▸ Work to complete
Write out all the data verbatim. Skip images.

▸ Data section
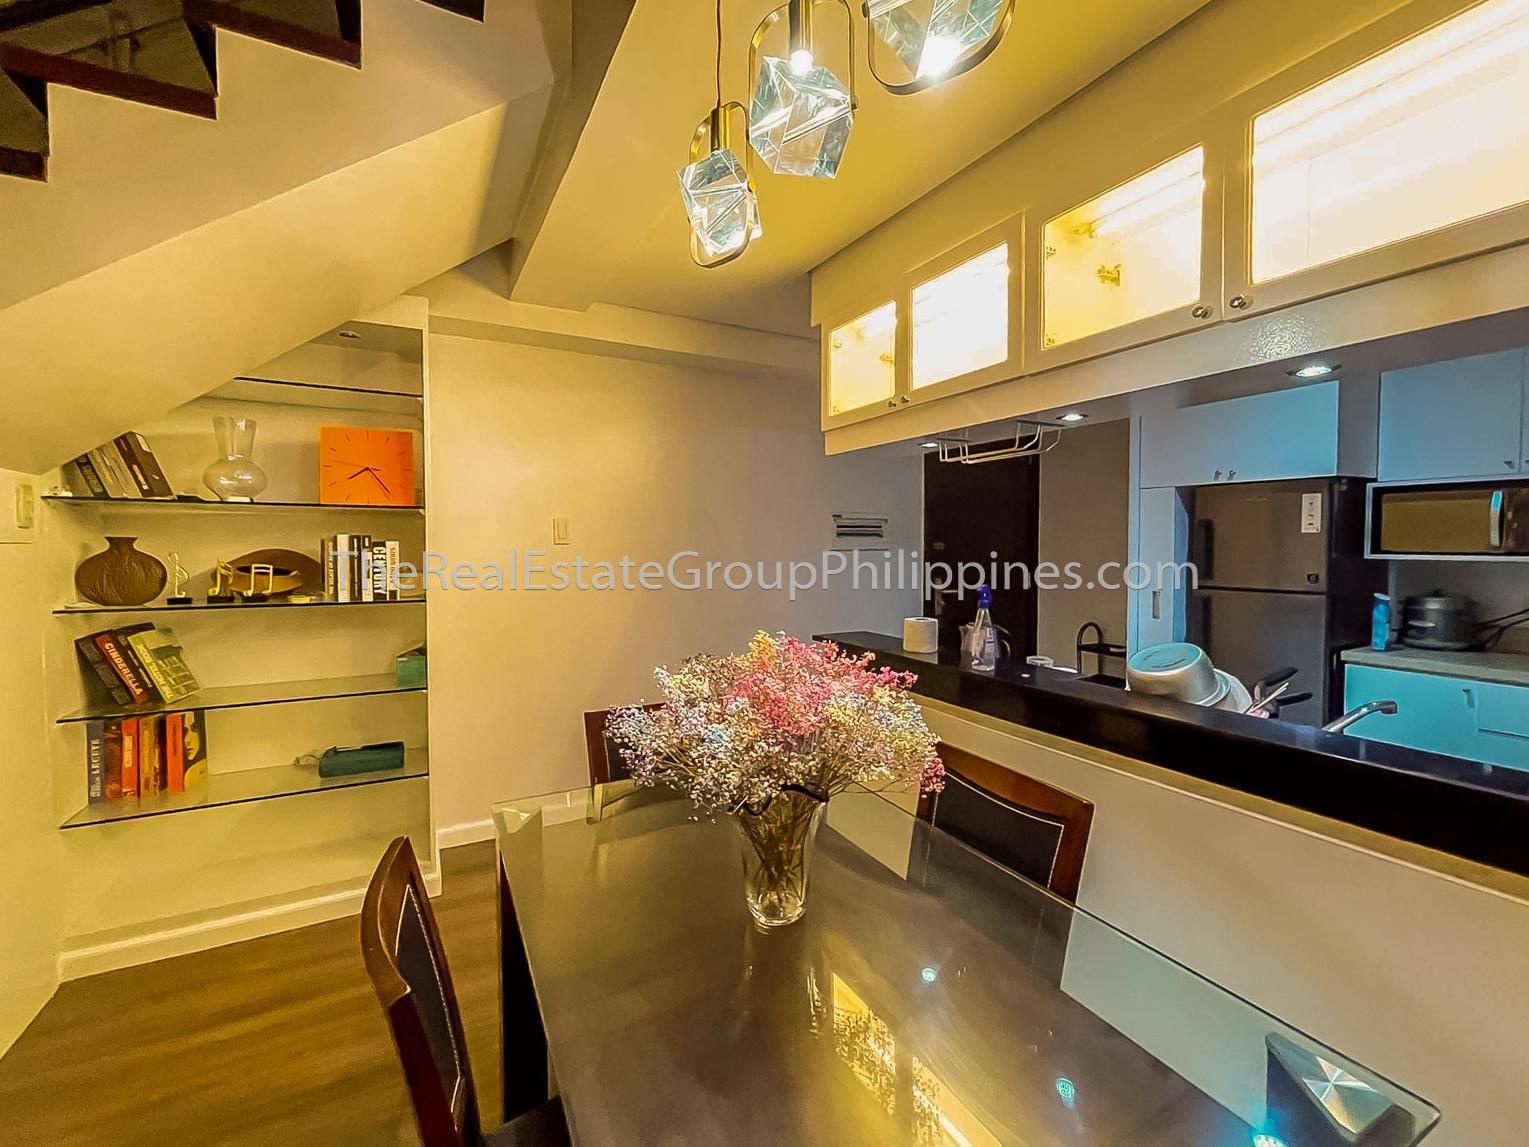 3 Bedroom Condominium For Sale BGC, Three Bedroom Condo For Sale Fort Residences, 3 BR Condo For Sale BGC Taguig, 3BR Condo For Sale Burgos Circle BGC8
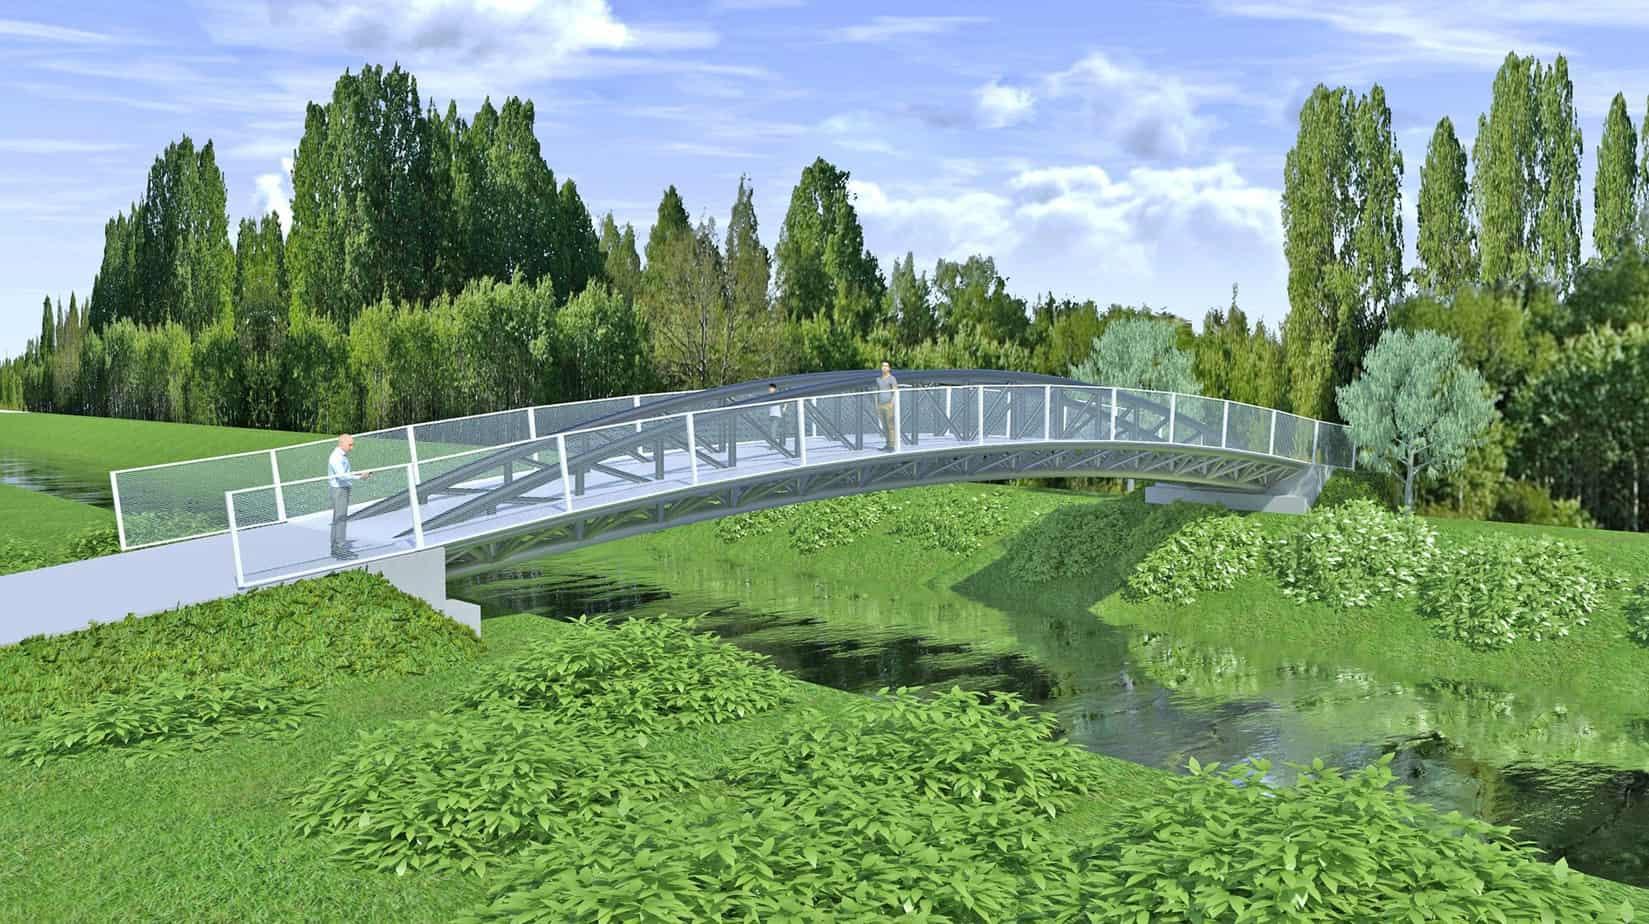 Un rendering di un ponte ciclopedonale
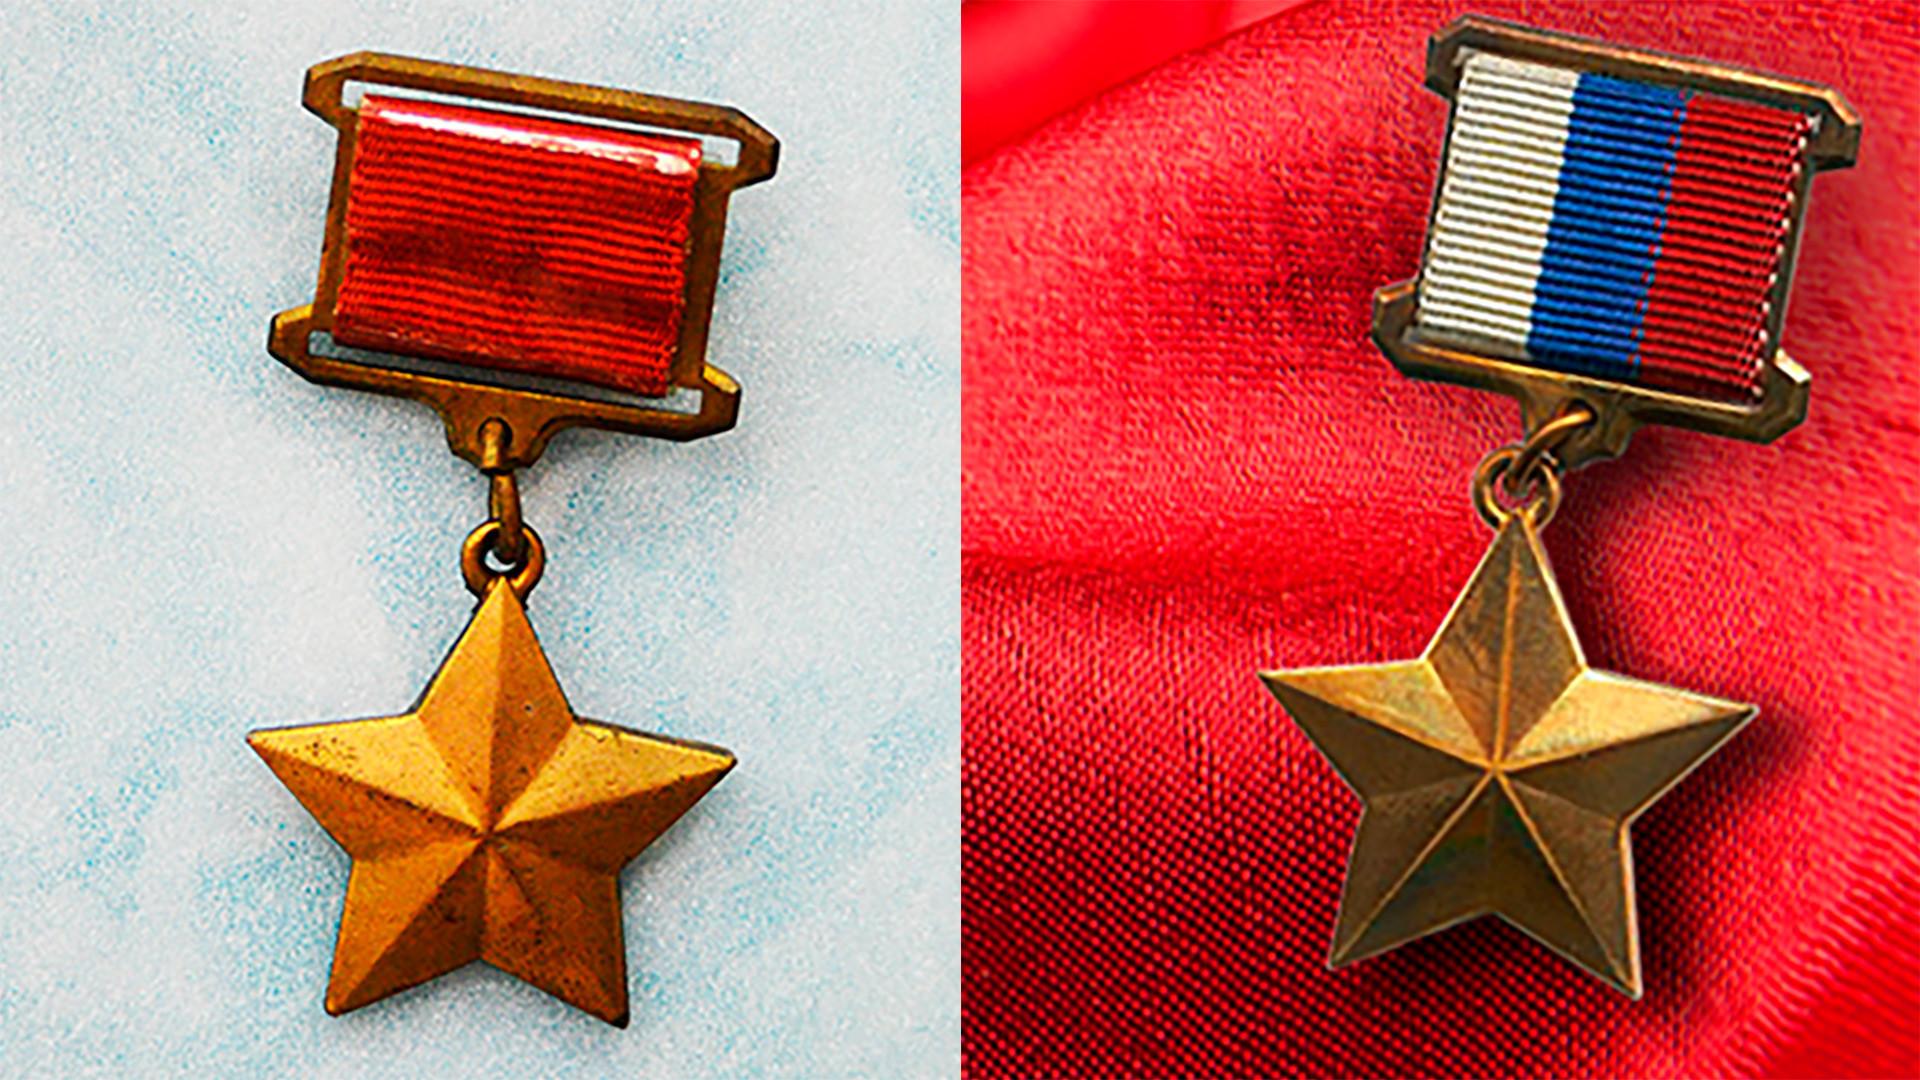 Bintang Emas untuk Pahlawan Negara Uni Soviet dan Pahlawan Negara Federasi Rusia
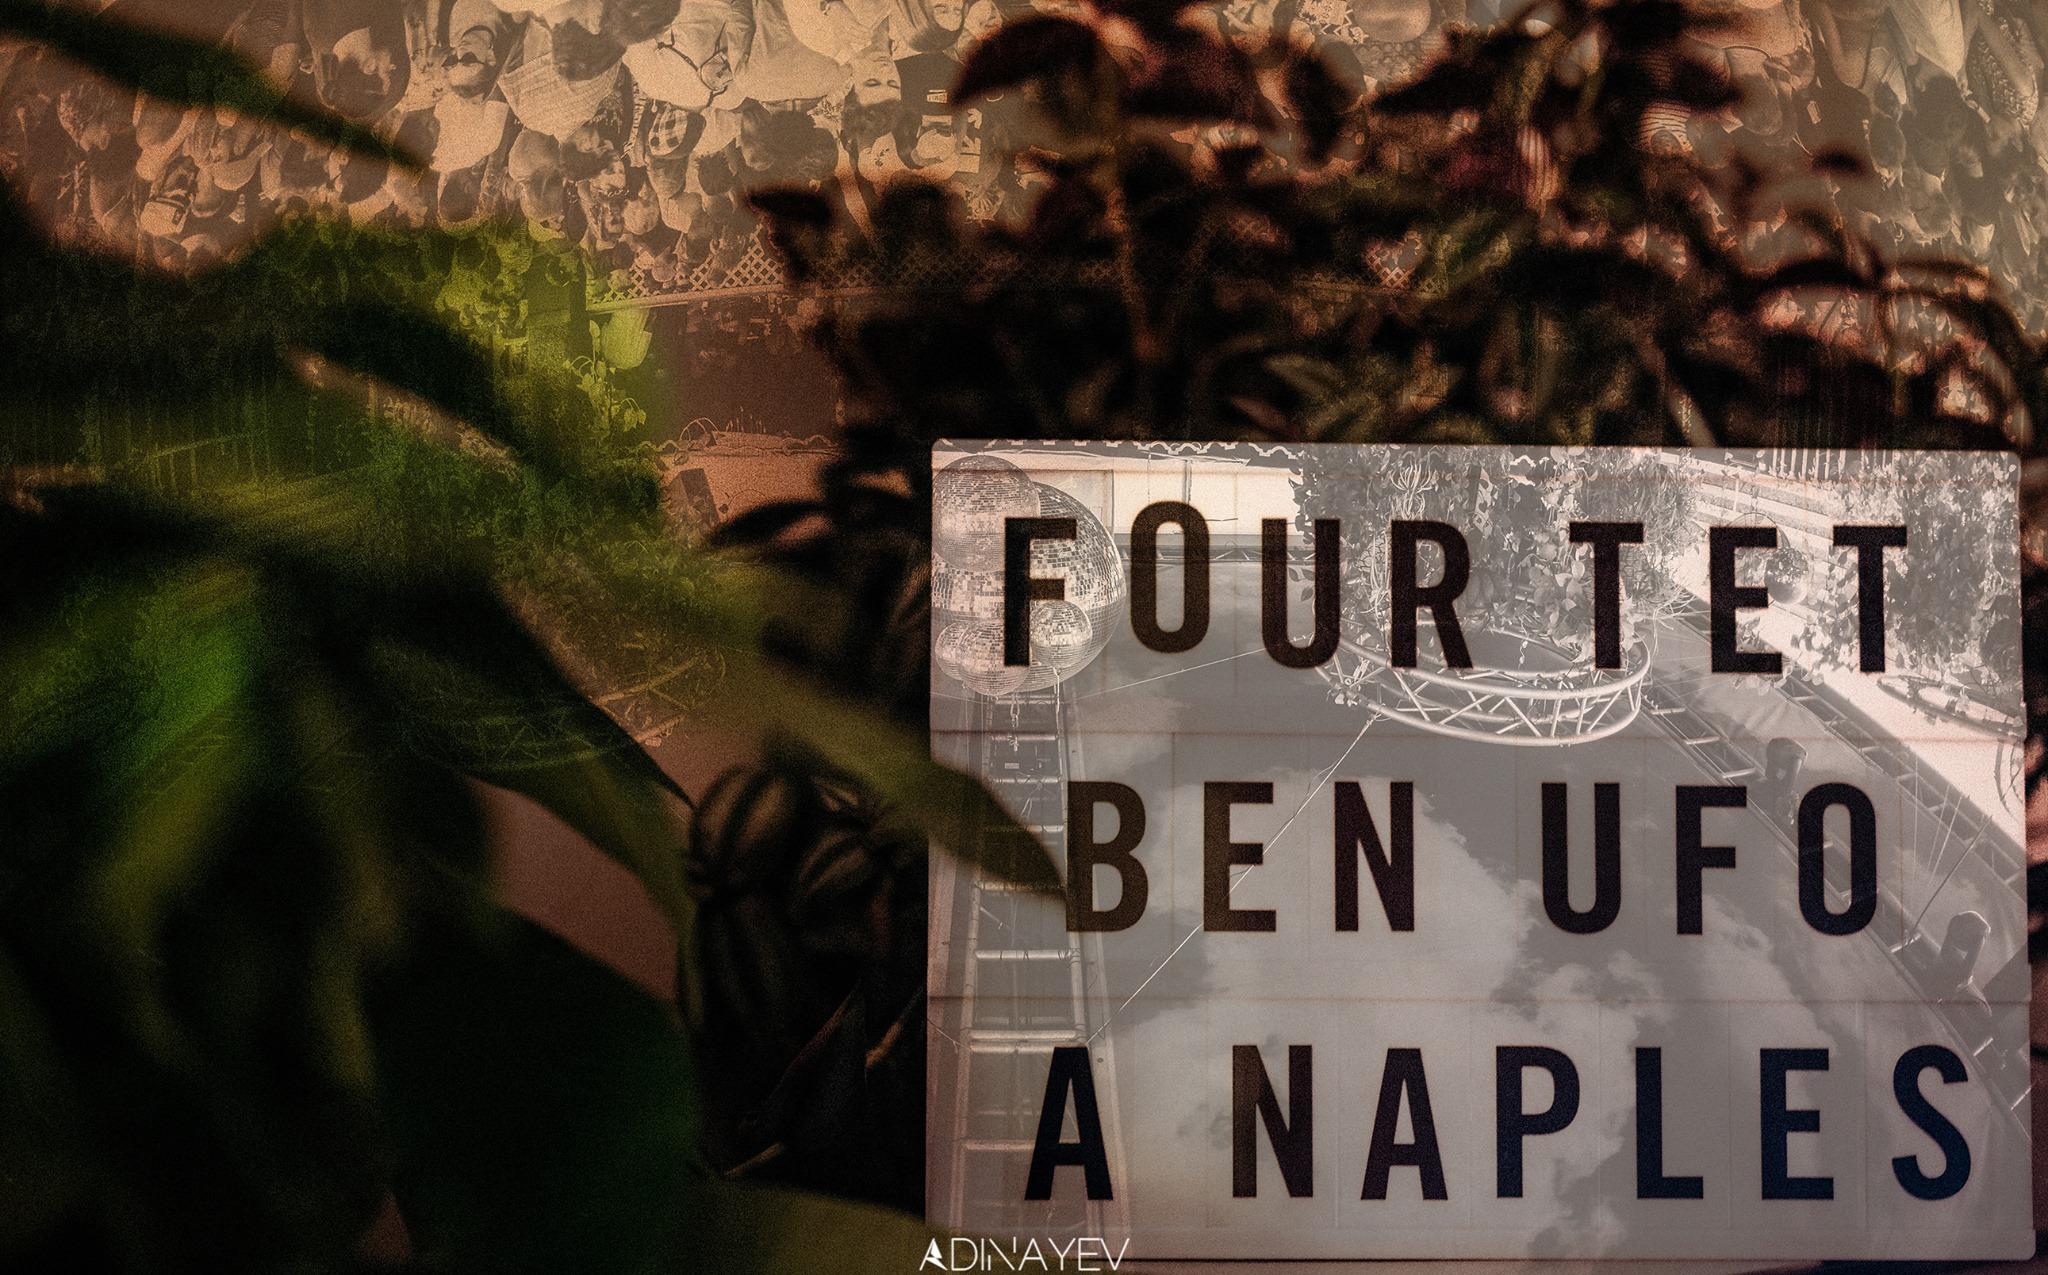 Four Tet + Ben UFO + Anthony Naples / May 25

▸ Task output
 3 Bedroom Condominium For Sale BGC, Three Bedroom Condo For Sale Fort Residences, 3 BR Condo For Sale BGC Taguig, 3BR Condo For Sale Burgos Circle BGC8
 Un rendering di un ponte ciclopedonale
 Bintang Emas untuk Pahlawan Negara Uni Soviet dan Pahlawan Negara Federasi Rusia
 Four Tet + Ben UFO + Anthony Naples / May 25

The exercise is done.